Пусть надвинется общая мгла.

И горит беспредельно сознание;

Умерла! умерла! умерла!

Упав ничком на мокрую траву, Пекарский судорожно рыдал. Я декламировал с какой-то злобной радостью, и мой голос глухо раздавался в чаще.

С утренним поездом приехал Кожин, Барбарисик с венком и Женичка. У бедняжки глаза были опухшими.

Мы с Пекарским встретили их на станции и вместе пошли в дом. Приехали и еще кое-кто из родных и знакомых. Все старались утешить М<арию> В<асильевну>, Варю, соболезновали Бунину, но на меня не обращали внимания, как на чужого. Это меня мучило; мне хотелось крикнуть им всем:

— Да ведь это из-за меня она отравилась — слышите, из-за меня! Ведь она была моей любовницей!

Пекарский заботливо охранял меня.

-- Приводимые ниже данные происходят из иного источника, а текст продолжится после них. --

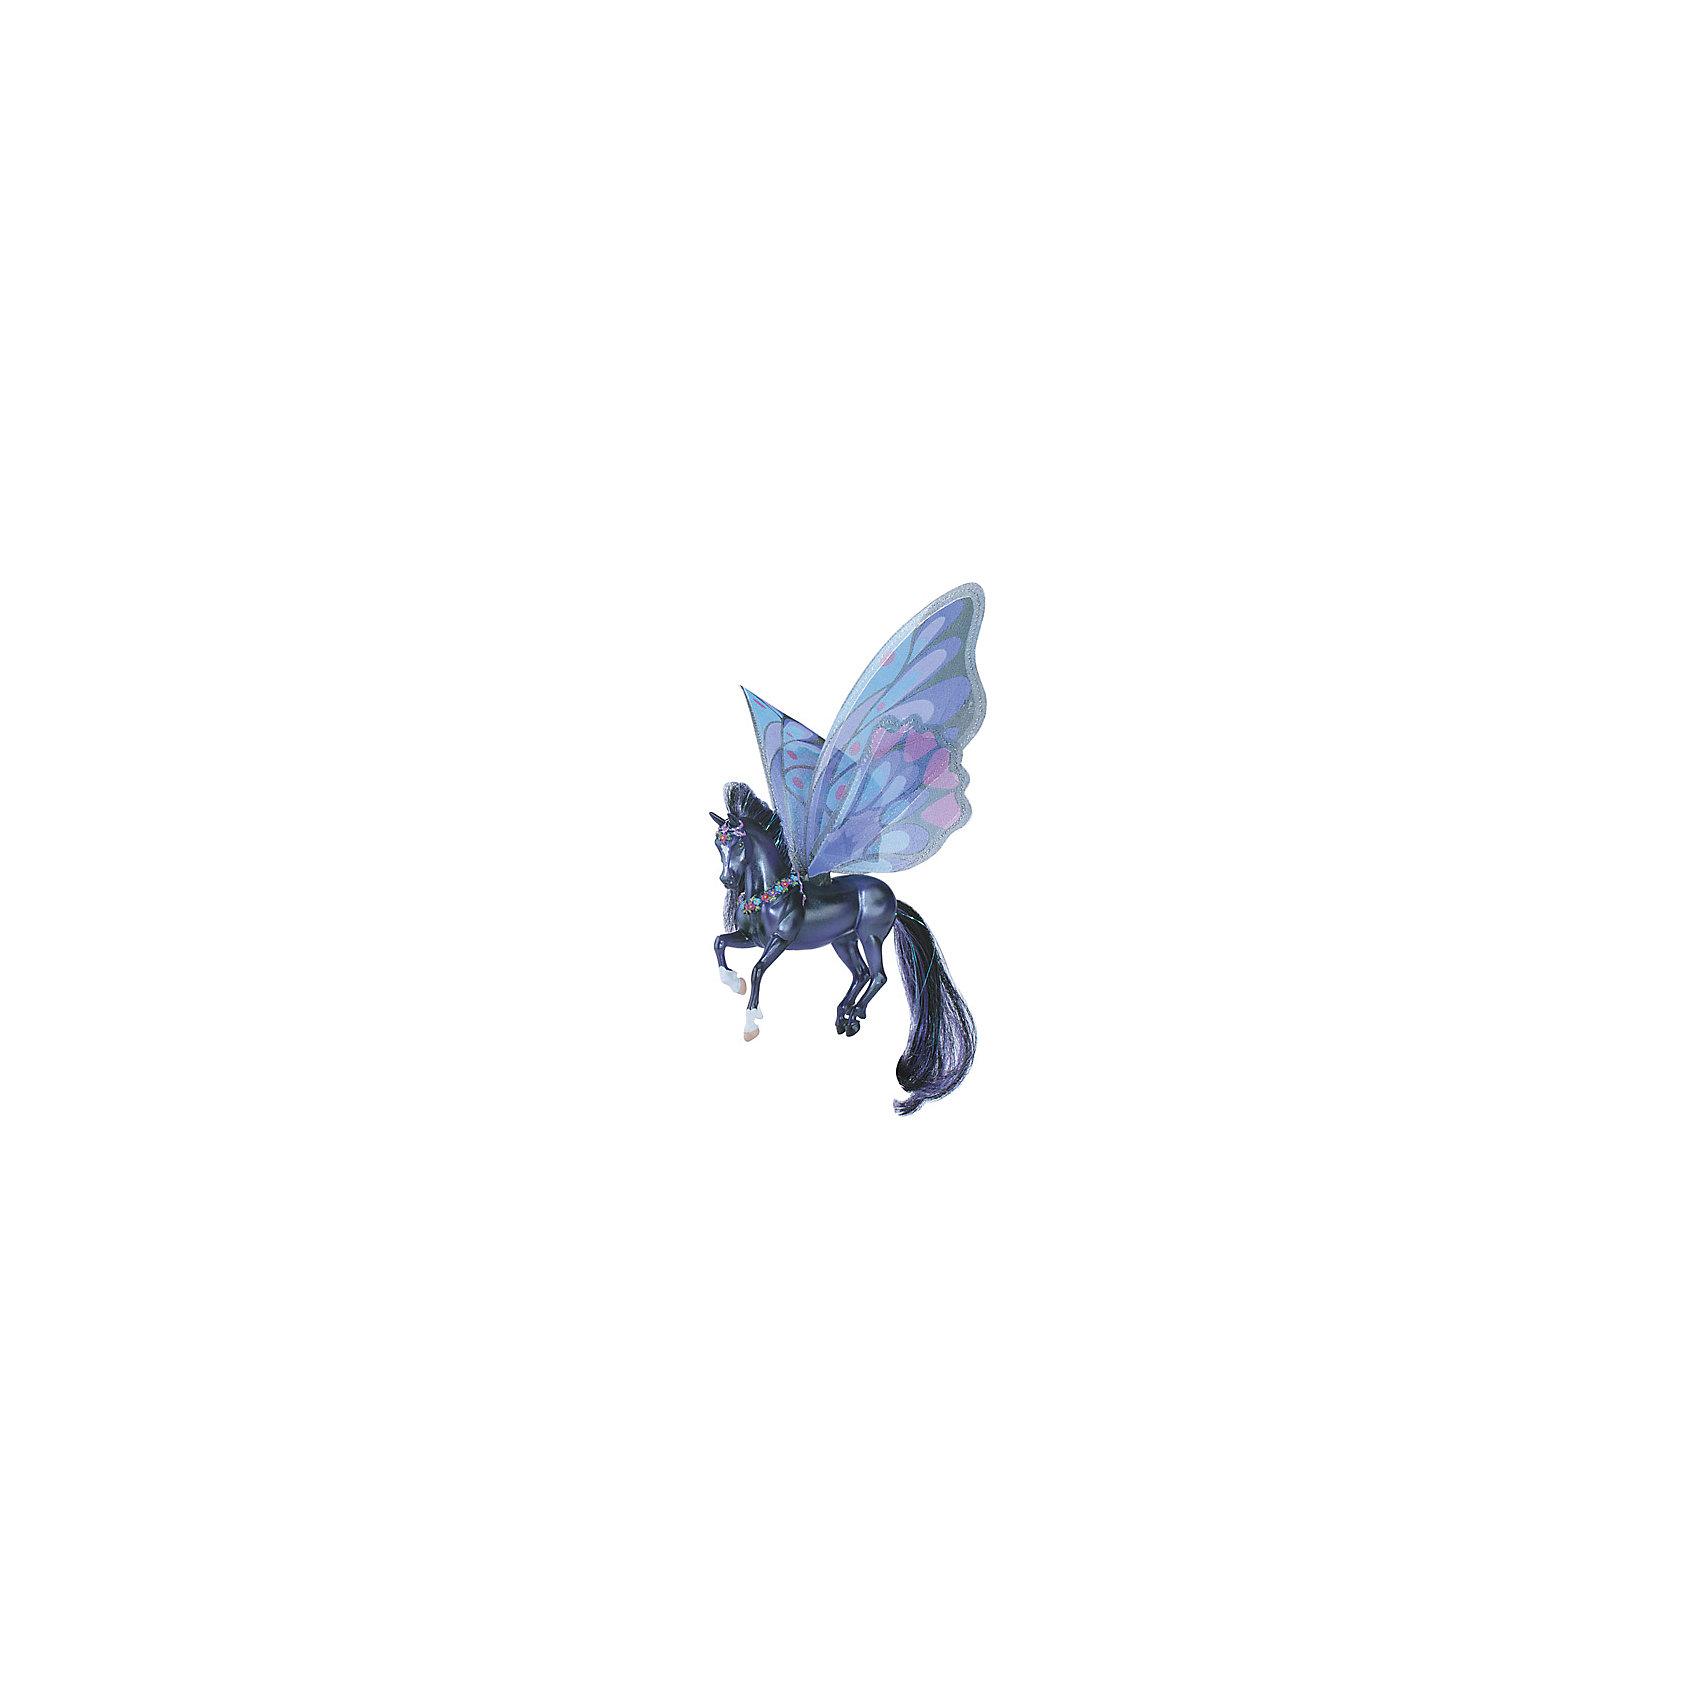 Лошадка с крыльями Кона, серия Танцы ветра, BreyerЛошадка с крыльями Кона, серия Танцы ветра, Breyer, станет отличным подарком для всех любителей этих грациозных животных. Очаровательная лошадка Кона - героиня первой книги Танцы Ветра из целой серии книг, изданных международным книжным издательством Macmillan Publishers. Фигурка поразит Вас тщательной проработкой всех деталей и реалистичностью. У лошадки фиолетово-черного цвета роскошные блестящие грива и хвост в тон туловища, передние копыта - белые. На спине Коны шелковые полупрозрачные крылья, выполненные в нежных сиренево-розовых тонах. Лошадку украшают магические цветы на голове и груди.<br><br>Лошадки, созданные мастерами компании Breyer (Бреер) являются самыми реалистичными копиями лошадей. Они отличаются точностью линий, тщательной проработкой мелких деталей и ручной росписью. Каждая лошадка особенная и не похожая на других, это настоящее произведение искусства, которое будет радовать не только детей, но и взрослых.<br><br>Дополнительная информация:<br><br>- Материал: пластик.<br>- Размер игрушки: 11,5 х 9 см.<br>- Размер упаковки: 19 х 4 х 27 см.<br>- Вес: 0,3 кг.<br><br>Лошадку с крыльями Кона, серия Танцы ветра, Breyer, можно купить в нашем интернет-магазине.<br><br>Ширина мм: 190<br>Глубина мм: 40<br>Высота мм: 270<br>Вес г: 300<br>Возраст от месяцев: 36<br>Возраст до месяцев: 1188<br>Пол: Унисекс<br>Возраст: Детский<br>SKU: 4552538

Рядом с ним стоял я на панихиде; когда пошли на кладбище, он повел меня и указывал, где идти, куда стать. Когда настало время прощаться, он подвел меня к гробу.

И опять у меня мелькнула мысль: посмотреть или нет. — Я знал, что впоследствии буду упрекать самого себя, но прикоснулся к руке Нины, закрыв глаза.

Пекарский сказал мне бросить земли на гроб. Стали засыпать. С Буниным сделался нервный припадок. Рабочие грубо понукали друг друга. Свежая могила! сколько раз твердил я это выражение в своих стихах.

Назад мы возвращались, разбившись на группы. Мы — мужчины — шли отдельно. Барбарисик попробовал было шутить, но не встретил ответа. Бунин подошел ко мне:

— Альвиан Александрович! покойница всегда желала, чтобы мы жили с вами в дружбе. Позвольте же протянуть вам руку.

Он! он мне разъяснял желания Нины!

Я молча протянул руку.

— Эта случайная могила, здесь, на простом сельском кладбище, послужит вечным звеном нашей дружбы. Не так ли?

Я не отвечал.

— Как вы думаете, — продолжал Бунин, — будут у нас продолжаться явления? Будет она являться нам?

Я вынул из кармана свисток, так изумлявший своими звуками на сеансах, и насмешливо засвистал, глядя в лицо Бунину. Он вдруг смешался, хотел что-то сказать, но не нашел и удалился в сторону. И мне было приятно, что все будут знать, как я хохотал над их восхищениями перед явлениями.

Похоронный обед прошел как-то торопливо. Я, конечно, ничего не ел, но заметил, что Варя кушала с большим аппетитом. После обеда до поезда оставалось еще часа полтора, и мы провели их с ней. Она опять очень спокойно жаловалась на то, что теперь они уедут опять в Москву и полгода нельзя будет танцевать. Меня такая бесчувственность выводила из себя.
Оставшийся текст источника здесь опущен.